• _EXTRACTED ENTRIES_:
= Beginning of Section =

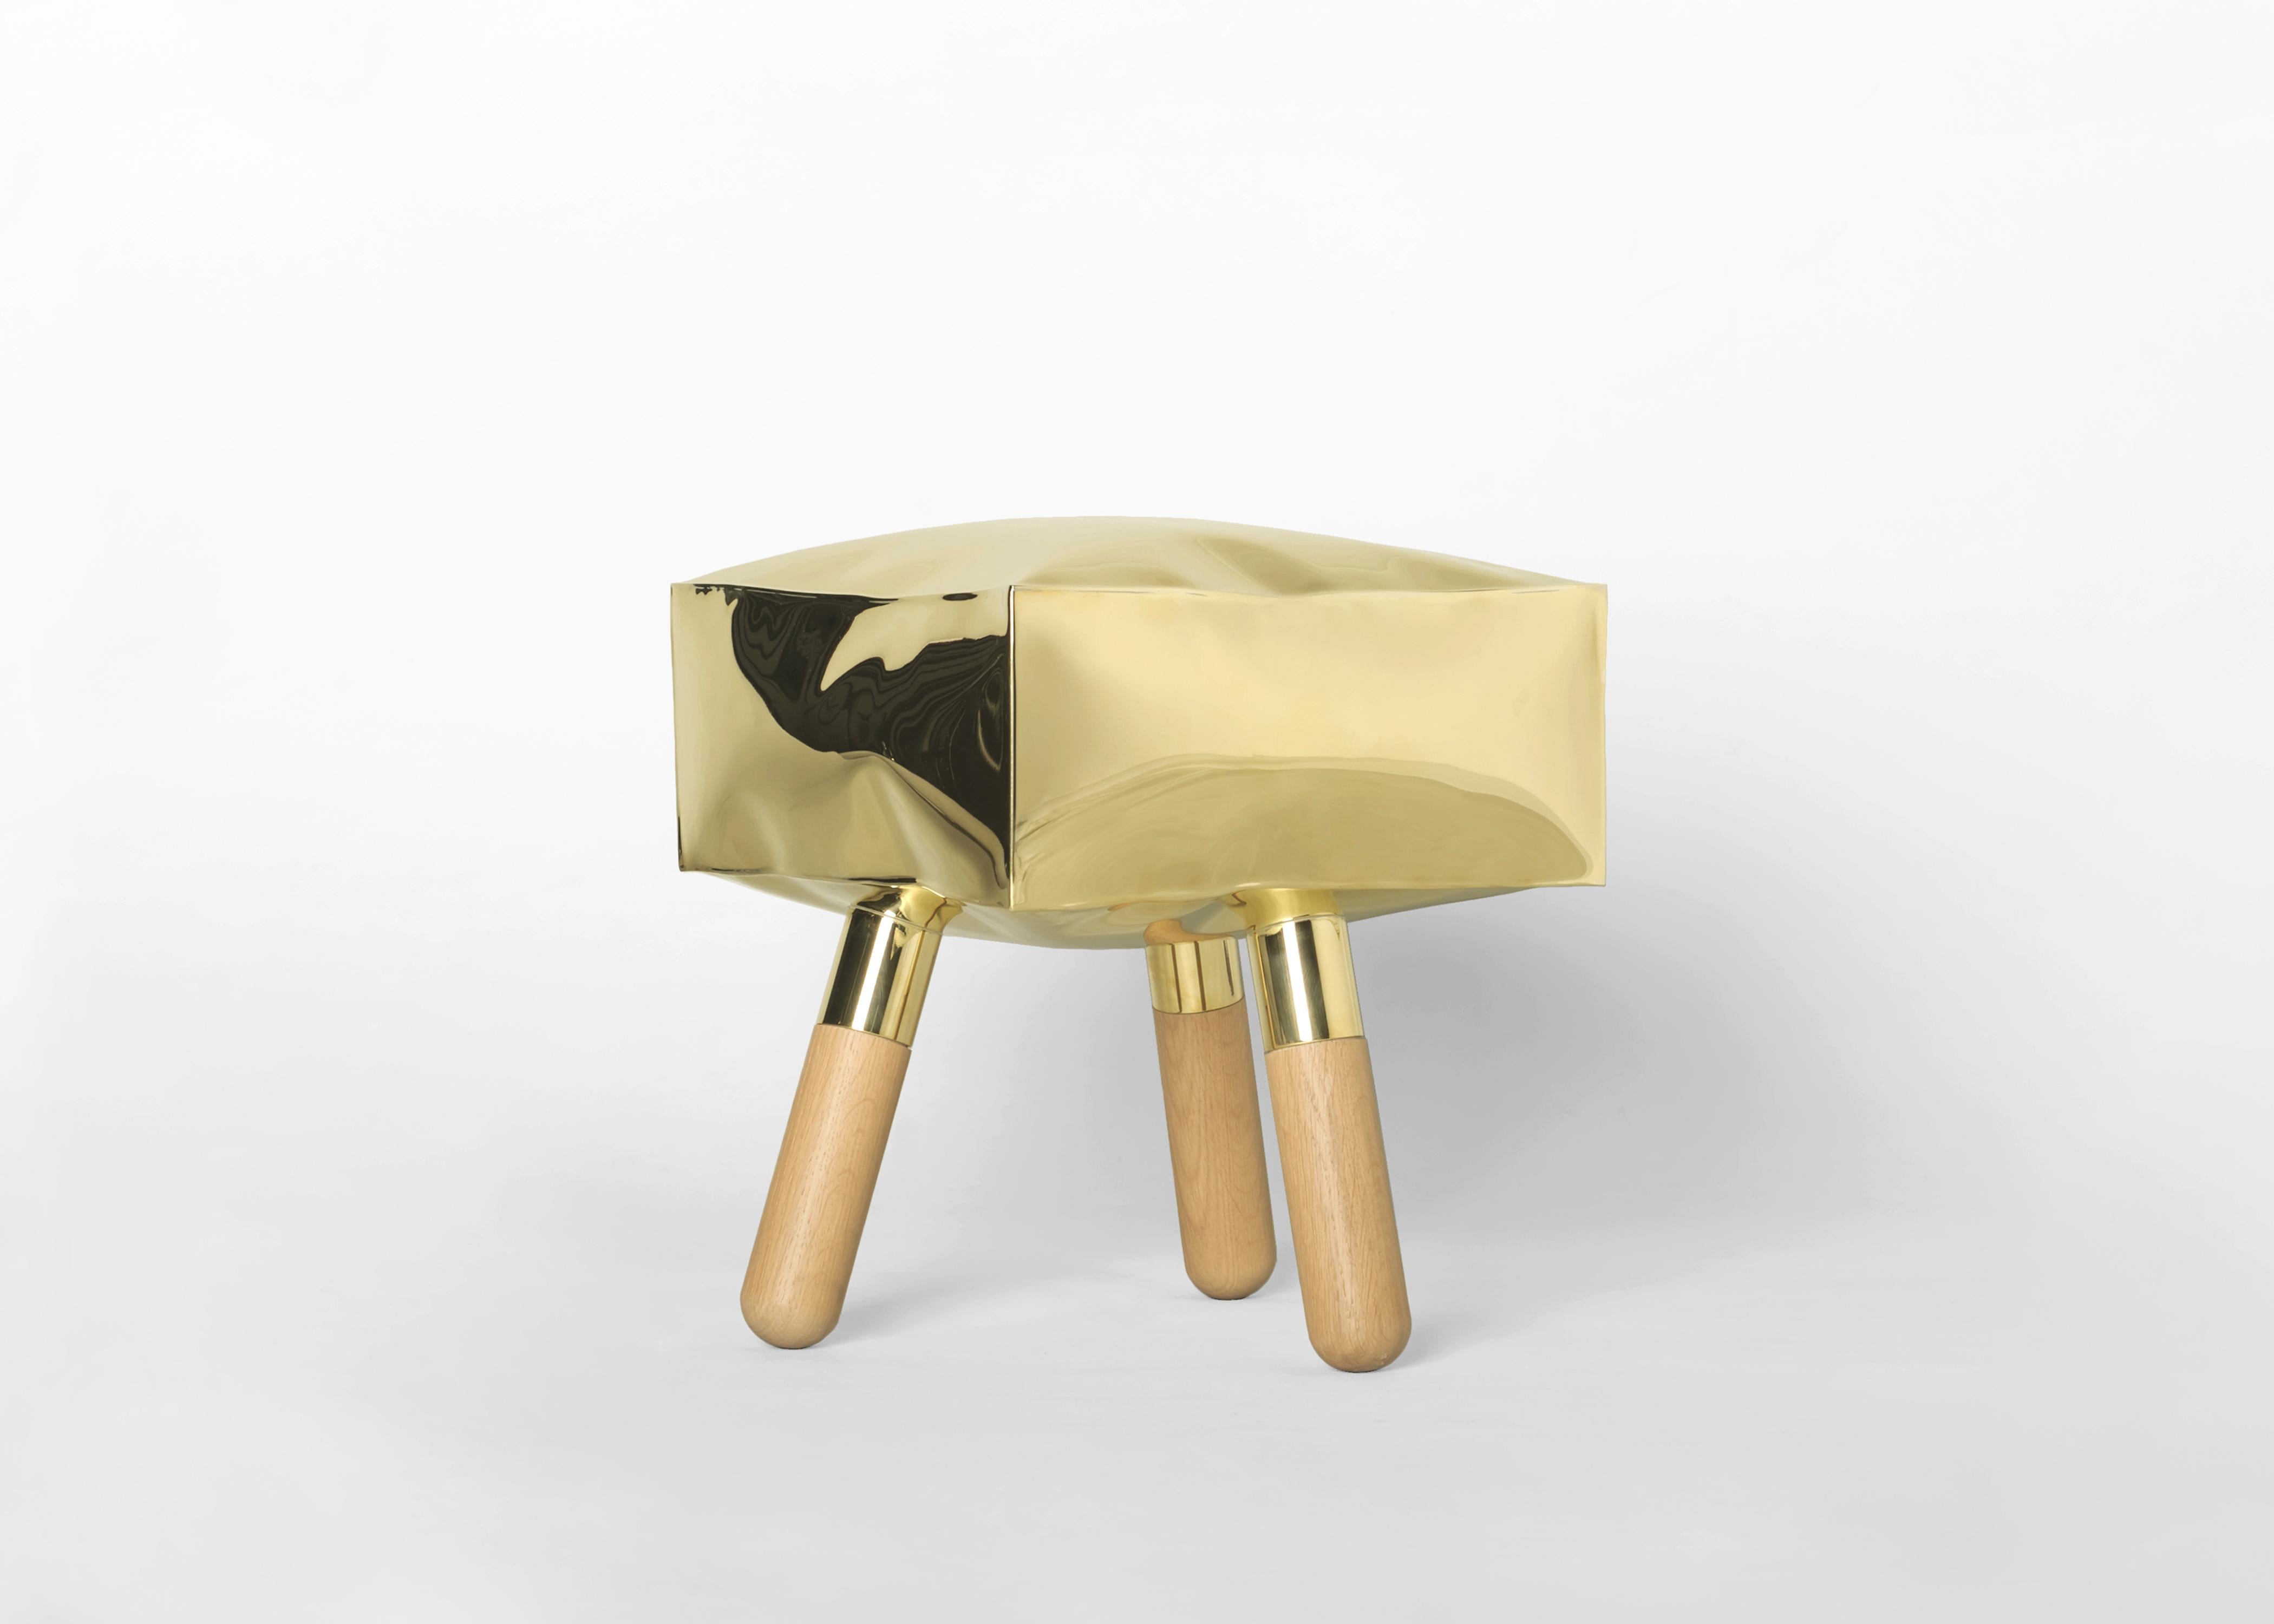 Icenine stool by Edizione Limitata
Limited edition of 15+3 AP pieces. Signed and numbered.
Designers: Simone Fanciullacci, Antonio De Marco
Dimensions: H 41 × W 35 × L 35 cm
Materials: polished brass, solid oakwood

Edizione Limitata, that is

= End of Section =

• _WORK REQUIRED_: Beginning at the line that contains "Limited edition of", transcribe every line through the end of the material exactly, leaving out all earlier lines.

• _SOLVED EXERCISE_:
Limited edition of 15+3 AP pieces. Signed and numbered.
Designers: Simone Fanciullacci, Antonio De Marco
Dimensions: H 41 × W 35 × L 35 cm
Materials: polished brass, solid oakwood

Edizione Limitata, that is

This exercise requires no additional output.